The Economic and Monetary Community of Central African States (CEMAC) and its partners organised an international forum on sustainable finance from 8 to 9 May 2023 in Douala, Cameroon. But apart from declarations and presentations on the theme, no commitments were made, despite the urgent need to act. The forum noted that the effects of climate change are affecting nearly 130 million people around the world. Greenpeace Africa believes that Central African leaders should give priority to local and indigenous populations in the deployment of green finance.
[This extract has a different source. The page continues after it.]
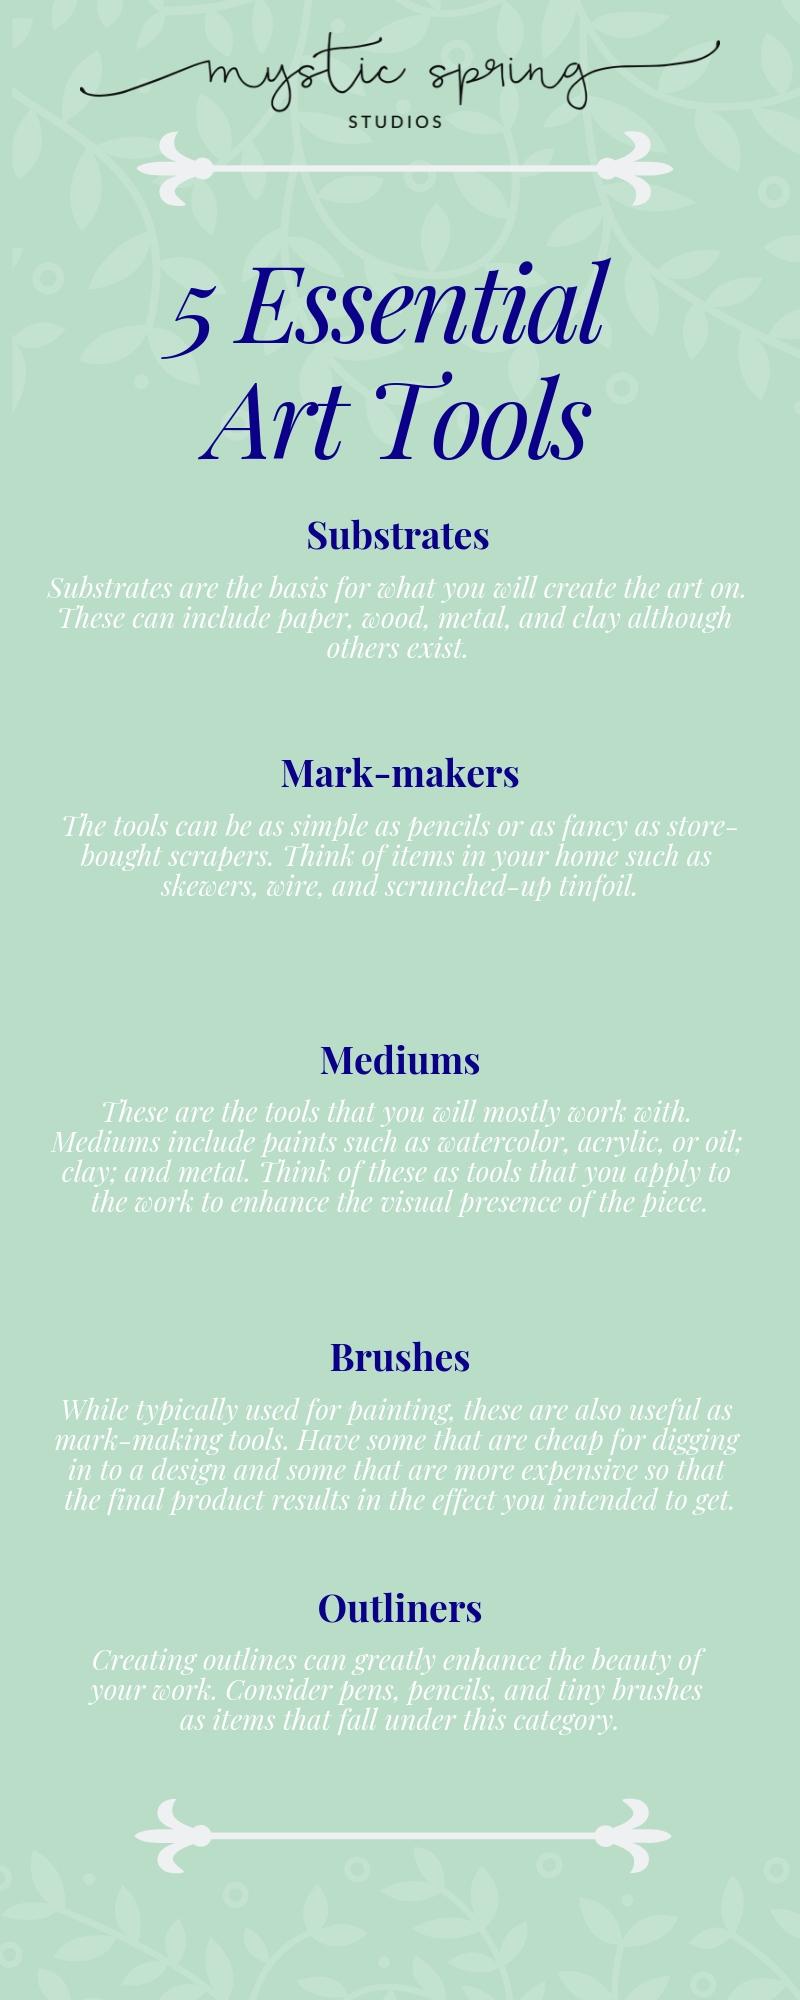 5 Essential Art Tools.jpg

On 8 and 9 May 2023 in Douala, Cameroon, nearly 300 leading figures from the finance sector took part in the first international forum on sustainable finance, organised by the Bank of Central African States (BEAC), the International Finance Corporation (IFC) and the Sustainable Banking and Finance Network (SBFN). Under the theme “Trajectories towards sustainable finance”, the forum aims to lay the foundations for sustainable finance within the Economic Community of Central African States (CEMAC).

“We need to protect our environment, we need more financial inclusion, and we also need to attract external investment and green financing for our economies. I think that this is absolutely beneficial for our States”, says Abbas Mahamat Tolli, Governor of the BEAC. Continuing in the same vein, Martine Valcin, the IFC’s Global Head of ESG Advisory, emphasises green bonds, which make it possible to “raise funds to build hydroelectric dams, to reduce greenhouse gas (GHG) emissions”.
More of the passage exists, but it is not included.